Dumpie and I are currently embroiled in a row. It's my fault really - and due to a simple misunderstanding. It began in the kitchen when Dumpie gestured upwards toward a bulging jar of chocolate Easter eggs perched high up on a cupboard and demanded, "Nannie!" I outrightly refused,and we went back and forth for some time saying, "Nannie", "No", "Nannie", "No", etc. until I finally muttered "Like it or lump it..." which Dumpie misheard as 'blahblahblah...or crumpet'. Dumpie LOVES crumpets (especially when toasted with butter and melted cheese).
(And sorry - can I just interject here and say that I've never in my life used such an expression...I truly have no idea where that came from...???)
So anyway, for the next twenty minutes it has been "Crumpet!.....Crumpet!.....Crumpet!" and no matter what I say he remains convinced that I am not only cruelly withholding crumpets, but have reneged on such a tantalising prospect . He's currently glaring at me across the room, clad adorably in a navy blazer and giving me a lot of attitude.

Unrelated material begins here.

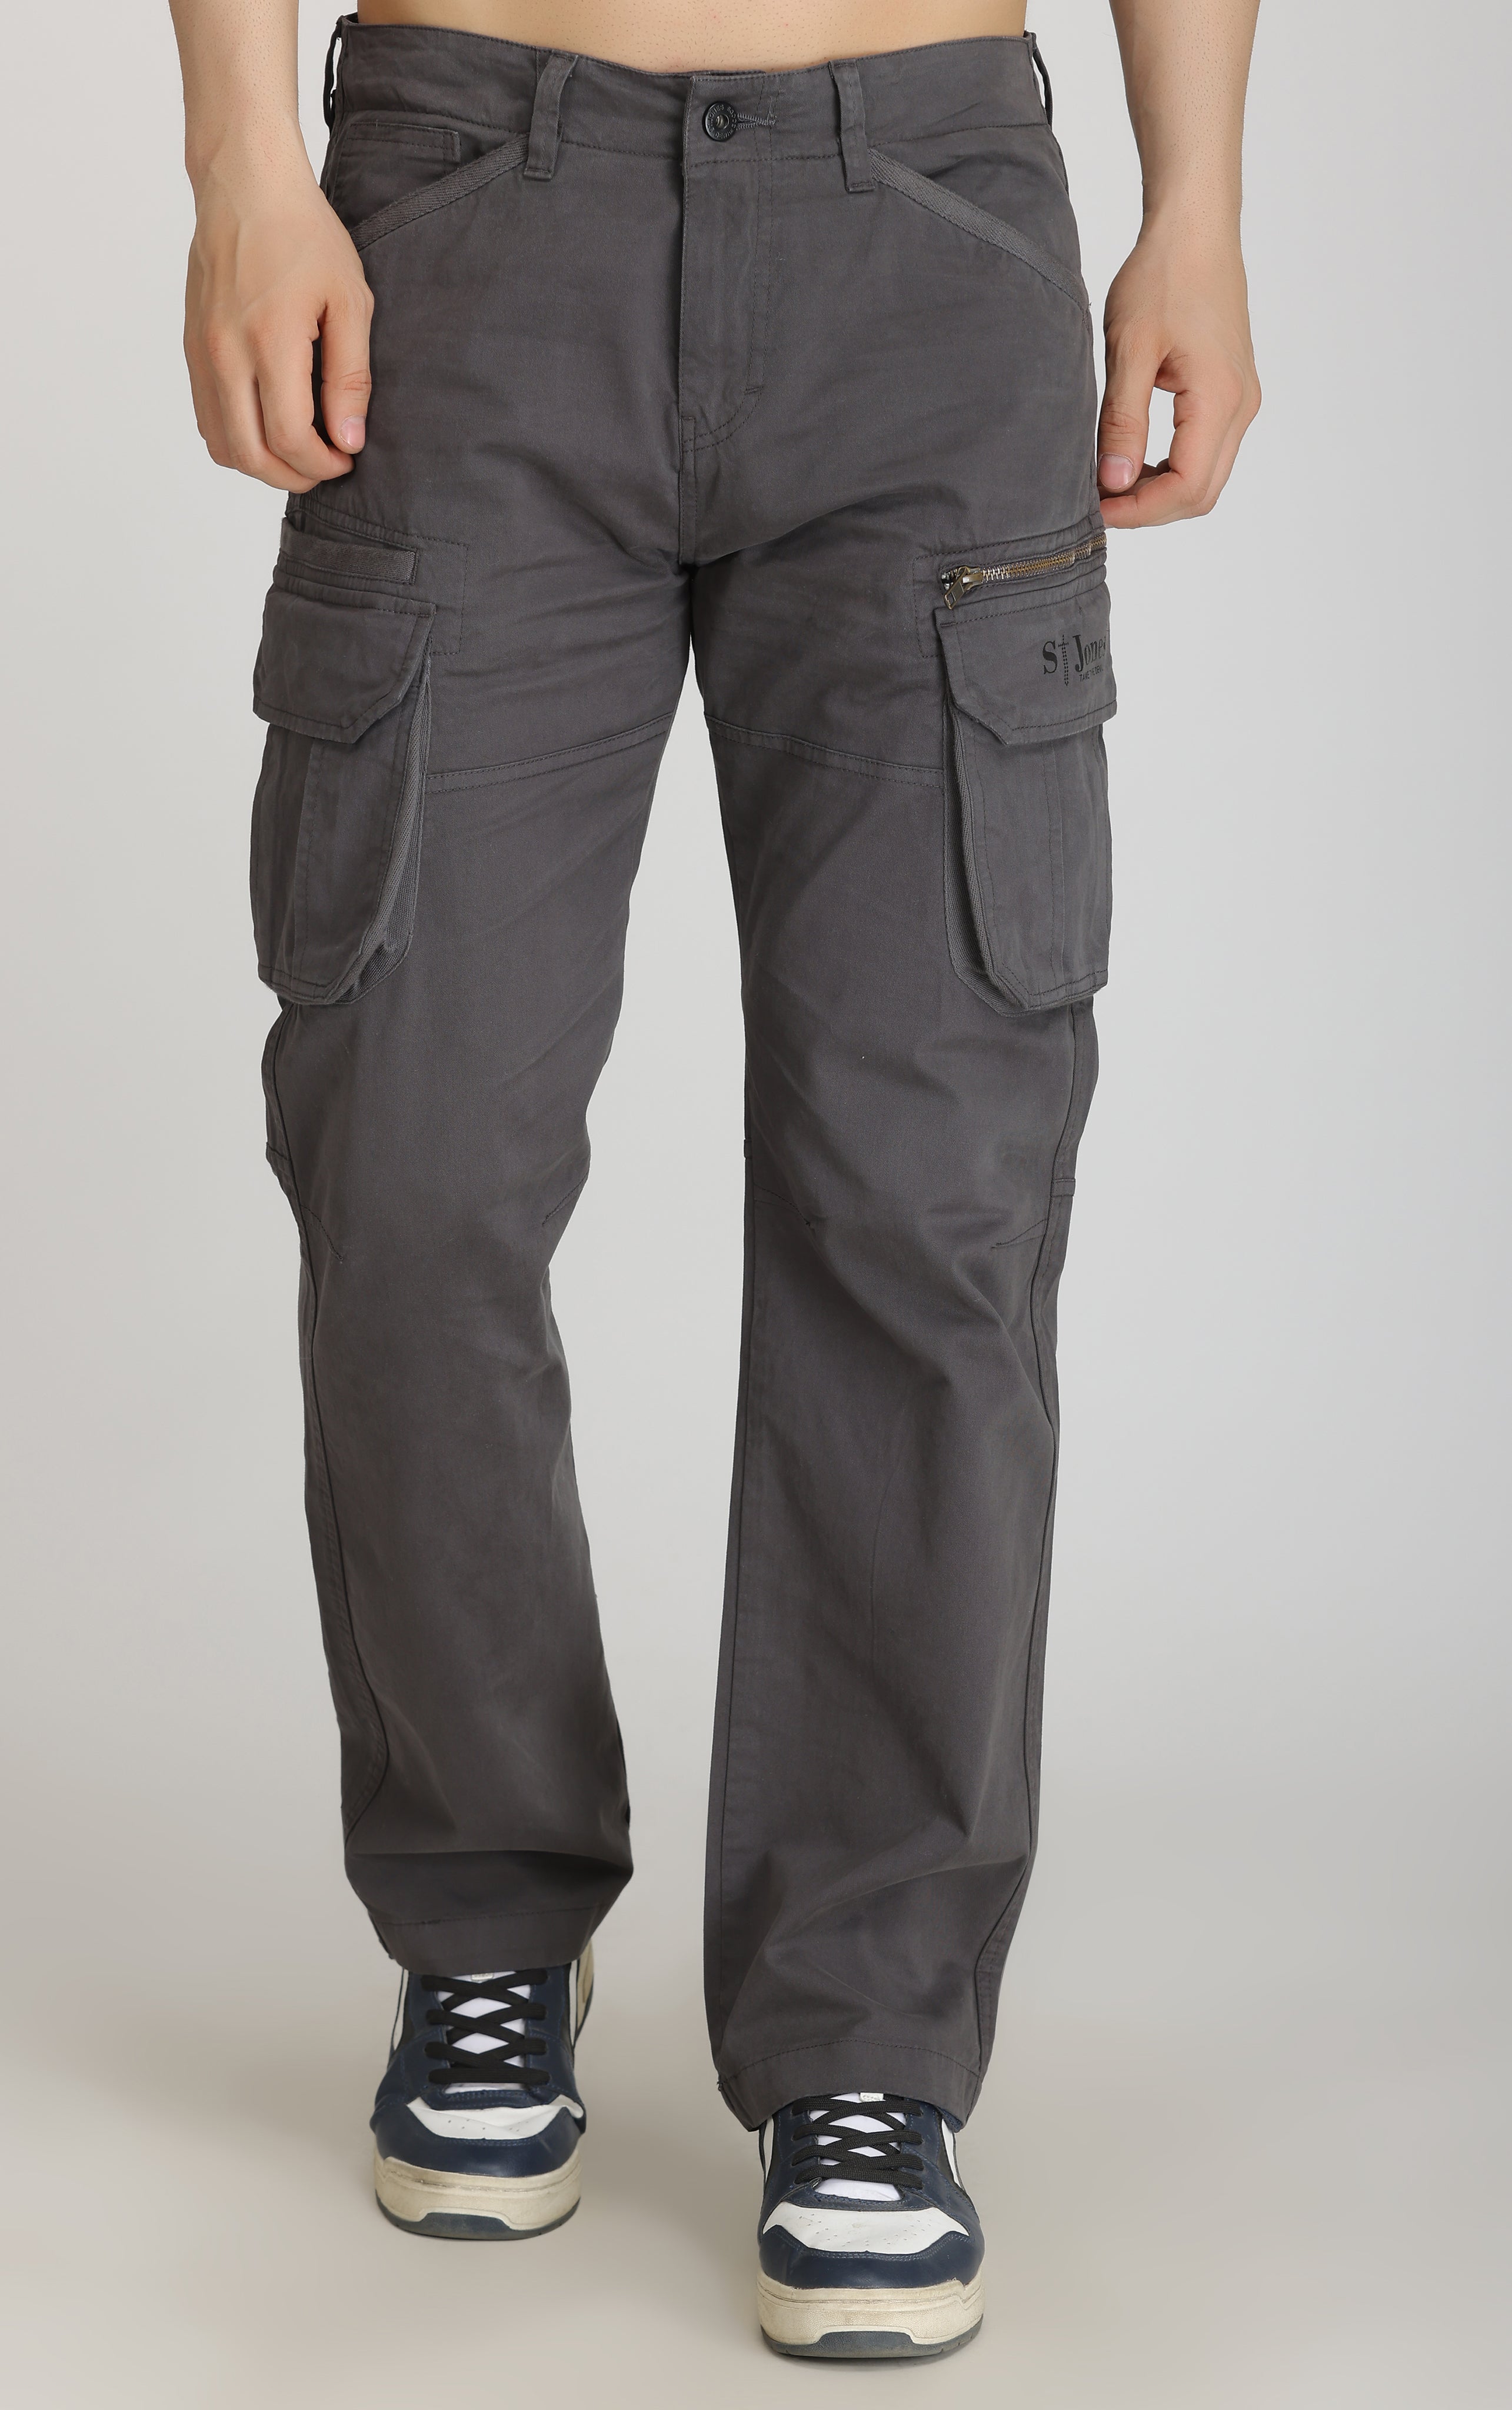 TRGPSG Women's Cargo Pants with 8 Pockets Cotton Casual Work Pants(No  Belt),Khaki 6 - Walmart.com

The boys have spent the morning at a local greasy spoon, stuffing their faces on a Saturday morning fry up with eggs, beans, sausages and bacon, while I have been here at home nursing a sore mouth and battling a killer migraine. They have also charmingly come home with armloads of sticks and branches from the park, adding to their collection downstairs by the front door and endangering not only the hygiene of this home but my own personal safety. ( I can't tell you the number of times I've been caught in the crossfire of their latest dueling match or fencing competition this past week. I've suffered a fair few whacks to the head since this particular obsession for rudimentary weaponry recently took hold.)
This weekend we've been amusing ourselves by making recordings of Dumpie's latest vocabulary outpourings. Here's a few to add to the list:
"Pappa-Dee" (cup of tea)
"Oopsy-Doo-Dah" (literal translation...must have gotten that from me...oopsy!)

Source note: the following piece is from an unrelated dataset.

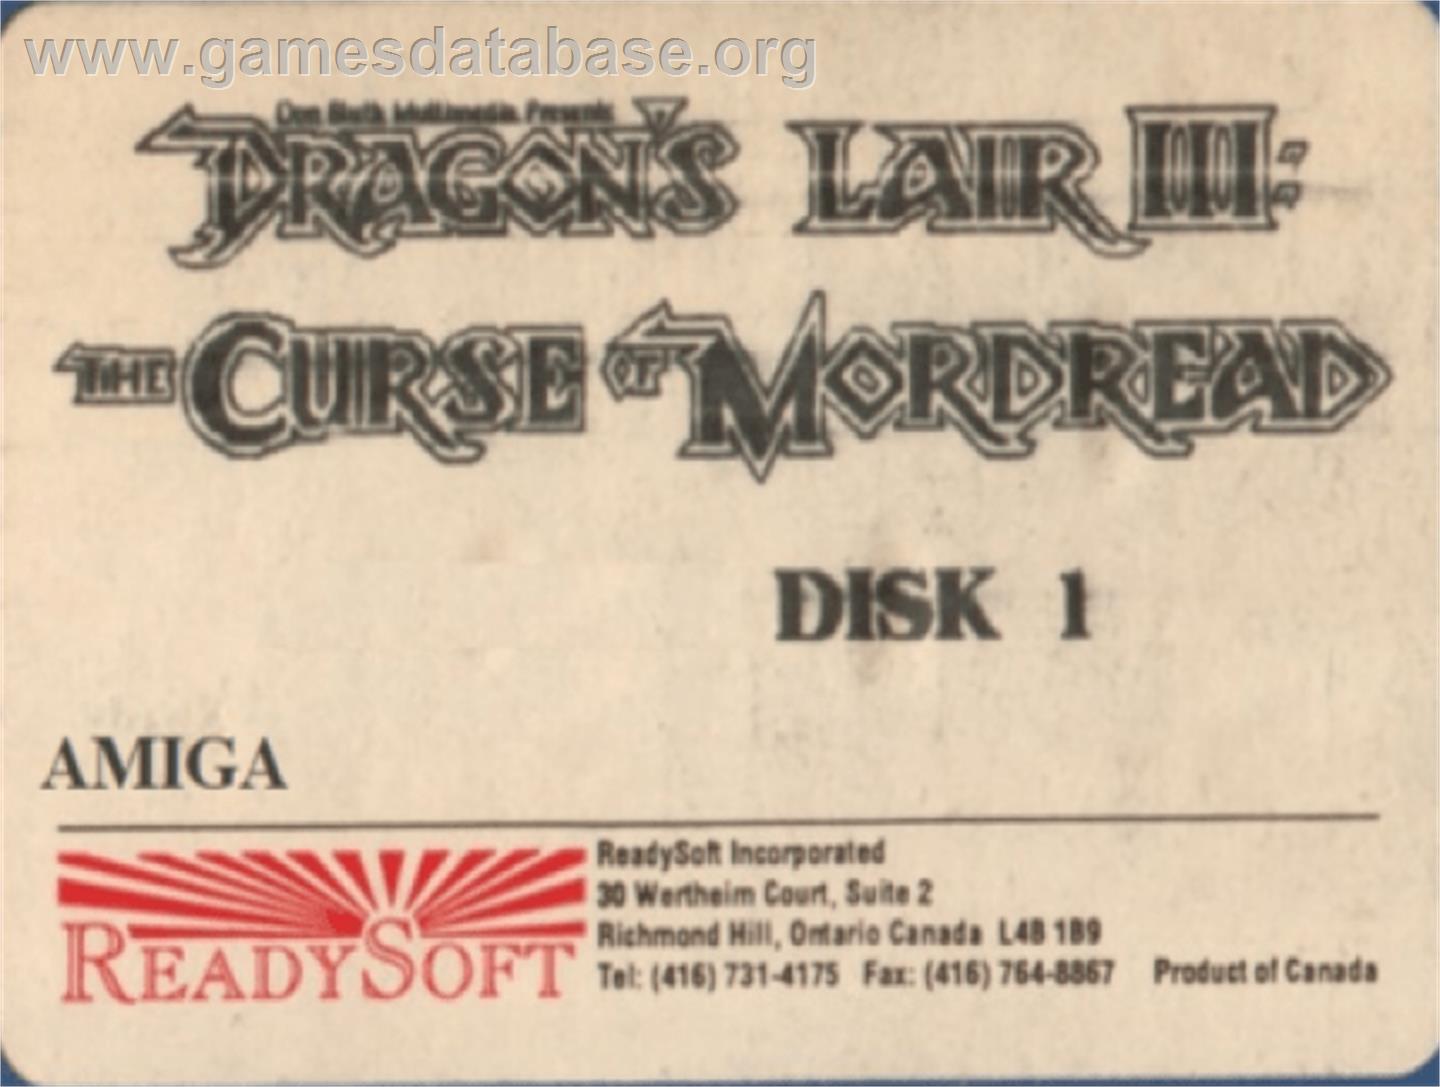 Dragon's Lair 3: The Curse of Mordread - Commodore Amiga - Artwork - Cartridge Top

Also, though two and a half, Dumpie still shows no signs of being ready for toilet training. In fact it's quite the opposite. This morning he showed up at my bedside at some ungodly hour, did his usual grabbing me round the ears, shouting happily, "Wake Up Mama Waaaaake Uuuuuuup!!"
He then tossed a clean nappy, a packet of nappy bags and a package of wet wipes onto the bed, indicating that he would like to be changed. I kid you not.